Road to dominance 1756-1765 Before his death Alivardi Khan, having no son of his own, nominated his grandson Sirajuddaula (son of his daughter amina begum) to the masnad of the subah and accordingly he became the nawab in April 1756. Sirajuddaula, a young man of independent spirit and dauntless character, was not prepared to follow the appeasement policy of his predecessors. He found the conduct of the English grotesque and unbearable. Immediately after his accession to the masnad he issued to the company a preemptory parwana proclaiming his readiness to take necessary action unless they were obliged to comply with his three conditions immediately: that the unauthorised fortification works in and around Calcutta must be demolished, that as aliens they must pursue their legal trade strictly according to the law of the land and finally, they must make over to government all outlaws now under the protective umbrellas of the Fort William authorities. The company refused starkly to accept the nawab's conditions and Siraj also refused to accept the company as bonafide traders in the country. He despatched troops and took over all the English trading factories; and finally expelled the English from Calcutta in June 1756.

But he could not sustain the initial victory. From Madras soon came an expedition headed by Robert Clive and recaptured the city in January 1756. The nawab recognised the reality of confronting a naval force which he lacked and made under the circumstance a formal peace treaty (alinagar treaty, 9 February 1757) with the company to the effect that the company would enjoy all the privileges accorded to the company by the imperial farman of 1717 and that the nawab would give due compensation for the losses sustained by the company and others consequent upon his Calcutta campaign.

Robert Clive, who established himself in the south as a soldier and a diplomat, took the Alinagar Treaty as a truce rather than a durable peace accord. His next step was to make necessary preparations for overthrowing Sirajuddaula who seemed to him to be irreconcilably hostile to English. As he did it in dealing with the princes in the south, he tried to identify and win over nawab's enemies to his side. He set up secret contact with the amirs actually or potentially opposed to the nawab. A conspiracy was hatched up against Sirajuddaula and a secret treaty was concluded in May 1757 with the conspirators headed by Jagat Sheth and Mir Jafar. Clive and the conspirators proceeded according to the secret treaty and staged the battle of Palashi (23 June 1757) deposing Siraj and inducting Mir Jafar into the masnad.
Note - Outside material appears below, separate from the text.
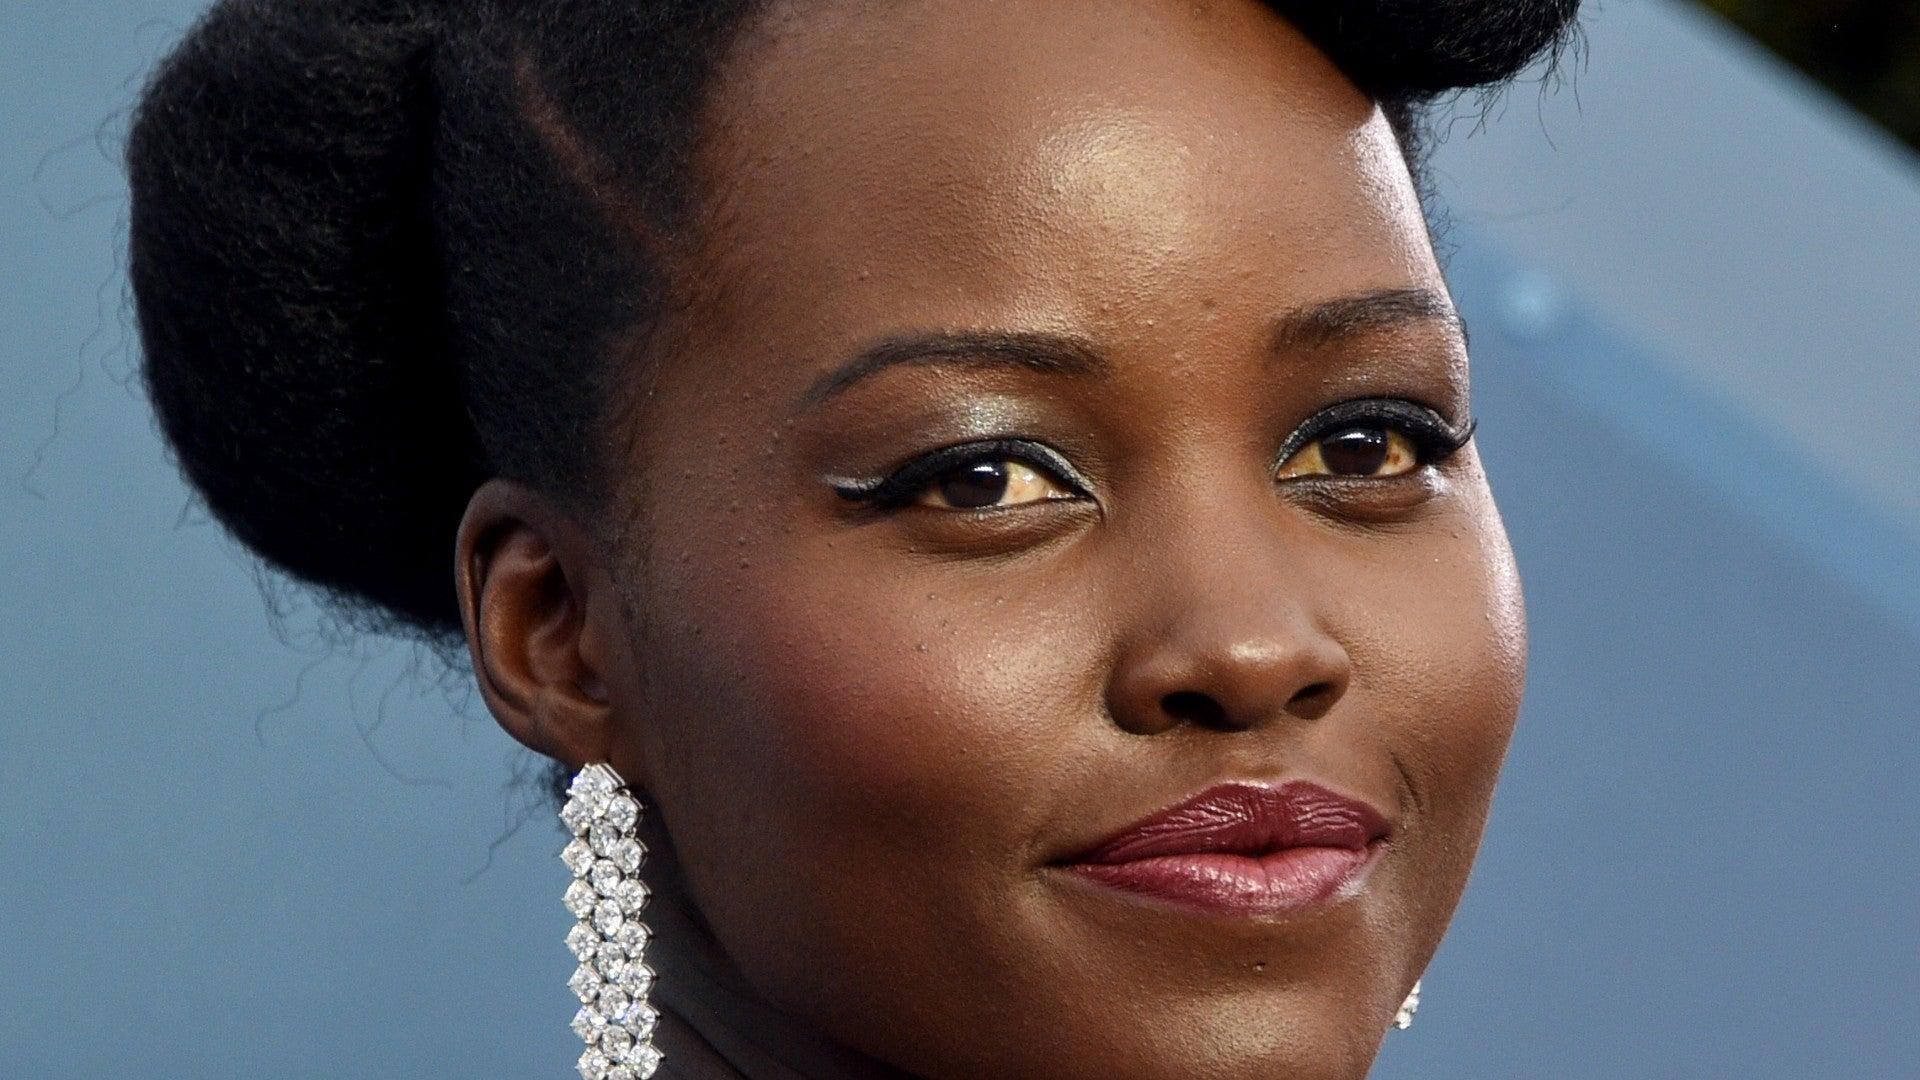 Lupita's Makeup Artist Gives Tips On How To Make Eyeliner Pop On Dark Skin Tones

The event of Palashi and post-Palashi developments had established very firmly the political dominance of the company. Yet, for various reasons, it chose to remain a political arbiter without becoming the king of the country. Its manpower was neither oriented to civil administration nor adequate enough to rule an extensive kingdom like Bengal. Moreover, the court of directors was not enthusiastic initially about establishing the company as a territorial power.

However, the company's domination ultimately ended up in a dominion. It was not perhaps in the original scheme of Palashi to establish company's rule in Bengal the way it was done, but the course of subsequent developments led the company to move consciously to the goal of sovereignty. Mir Jafar, the puppet nawab had failed to indemnify the company according to the secret treaty with Clive. Nor was he found very quite serious about paying the compensations. In 1760, he was replaced by his son-in-law, mir qasim. The new nawab quickly settled the indemnity affair by ceding to company's control three large and resourceful districts- Burdwan, Midnapur and Chittagong.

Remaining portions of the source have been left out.